GAO sees opportunity for IT savings in duplication report

GAO Seal

What: GAO 2014 Annual Report

Why: The annual report of the Government Accountability Office is a little like a greatest hits record, compiling past efforts by the congressional watchdog agency to identify duplication, overlap, and waste in government programs. It provides a concise overview of programs and initiatives being tracked by GAO.

Potential IT savings loom large in the 2014 edition. GAO wants to see stronger oversight from the Office of Management and Budget in the PortfolioStat reviews, especially with regard to data quality on commodity IT investments. More generally, GAO sees opportunities to strengthen agency-level CIO authorities under existing law to give more visibility into troubled IT projects. 

GAO also hopes to realize significant cost savings from the use of reverse auctions in acquisitions, including for IT products. The government could also achieve savings by requiring departments with key law enforcement functions to collaborate on interoperability standards for mobile land radio. In particular, the agency wants  the departments of Treasury, Justice, and Homeland Security to do a better job of coordinating mobile communications efforts to save on the estimated $600 million spent annually in this area.

Verbatim: "While OMB officials have stated that they intend to make agency-reported data and the best practices identified for the PortfolioStat effort publicly available, they have not yet decided specifically which information they will report. Until OMB publicly reports data agencies submit on their commodity IT consolidation efforts, including planned and actual cost savings, it will be more difficult for stakeholders, including Congress and the public, to monitor agencies' progress and hold them accountable for reducing duplication and achieving cost savings."

About the Author

Adam Mazmanian is executive editor of FCW.
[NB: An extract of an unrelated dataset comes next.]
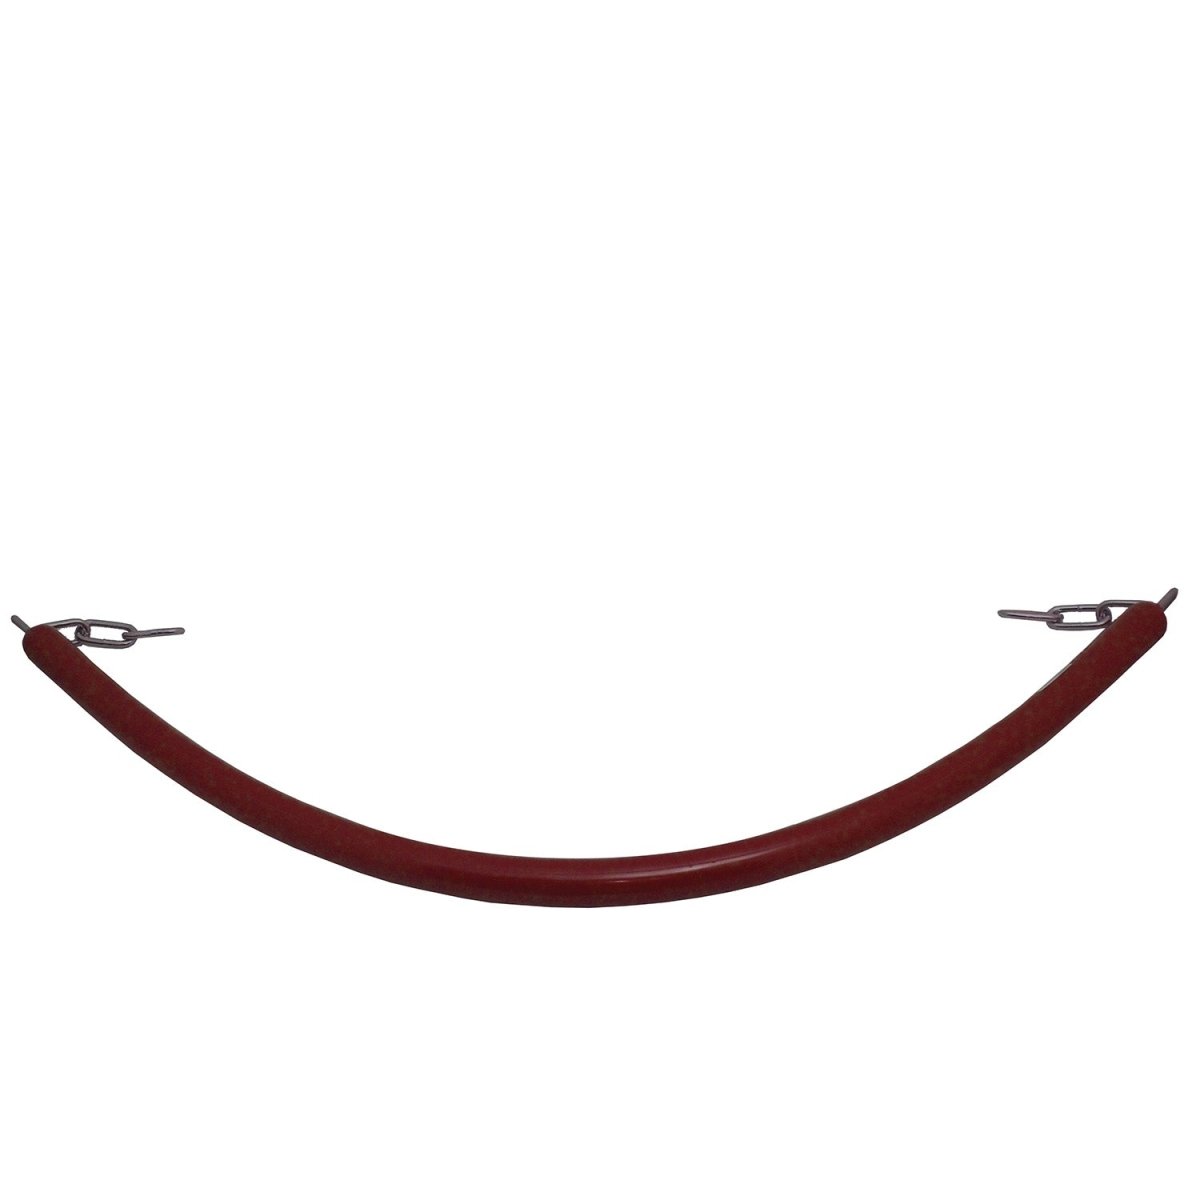 Horsemen'S Pride Stall Chain with Clips - Maroon -
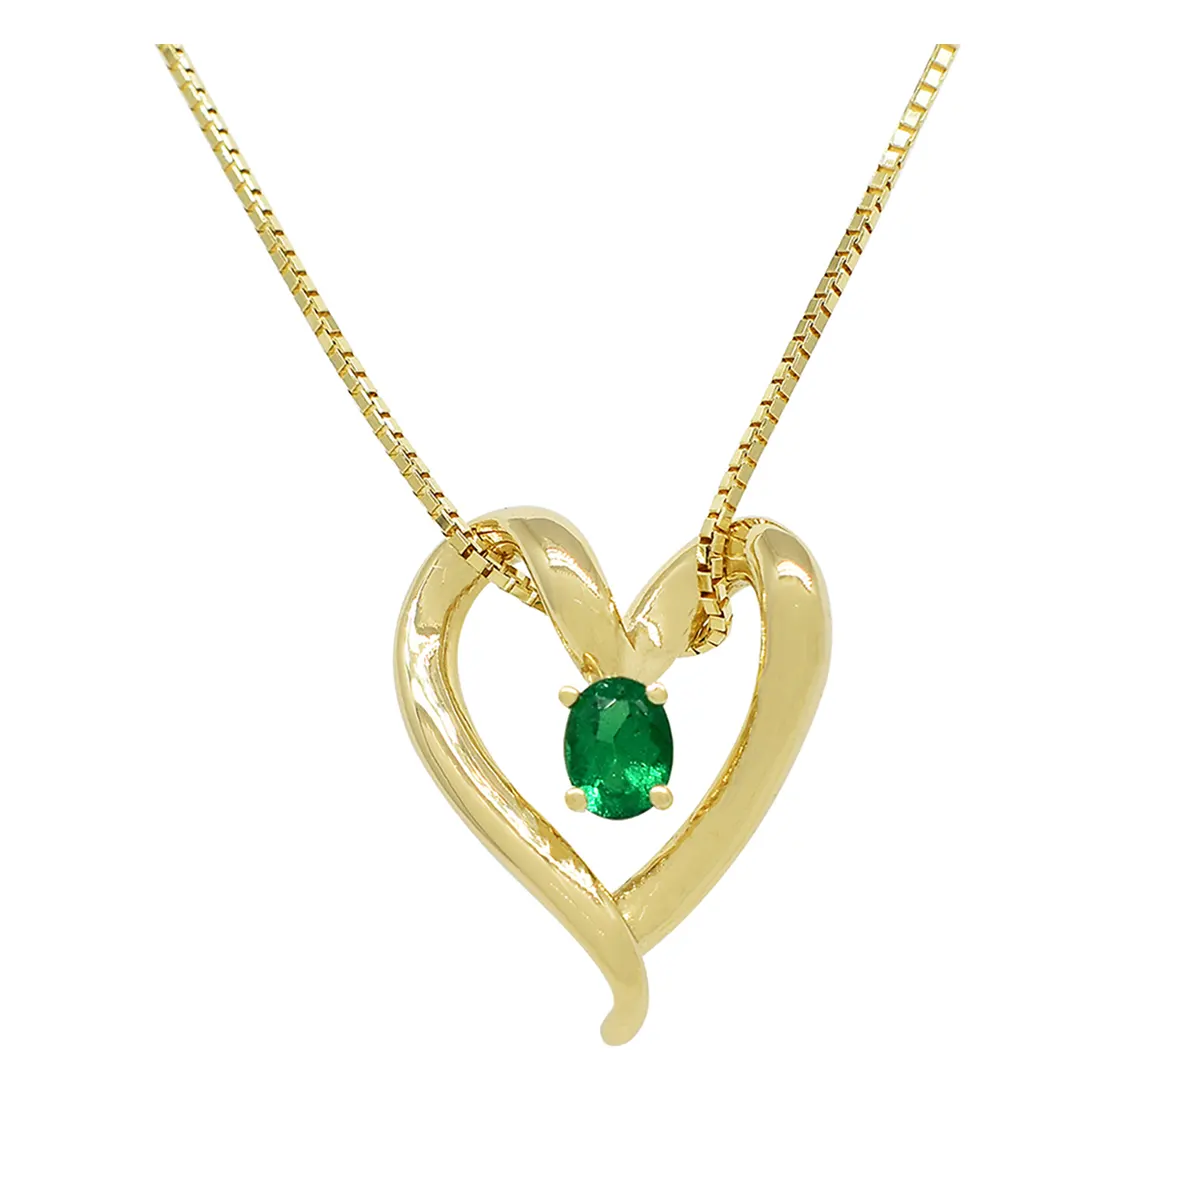 yellow-gold-heart-shaped-necklace-with-oval-shape-natural-emerald

Before joining the editing team, Mazmanian was an FCW staff writer covering Congress, government-wide technology policy, health IT and the Department of Veterans Affairs. Prior to joining FCW, Mr. Mazmanian was technology correspondent for National Journal and served in a variety of editorial at B2B news service SmartBrief. Mazmanian started his career as an arts reporter and critic, and has contributed reviews and articles to the Washington Post, the Washington City Paper, Newsday, Architect magazine, and other publications. He was an editorial assistant and staff writer at the now-defunct New York Press and arts editor at the About.com online network in the 1990s, and was a weekly contributor of music and film reviews to the Washington Times from 2007 to 2014.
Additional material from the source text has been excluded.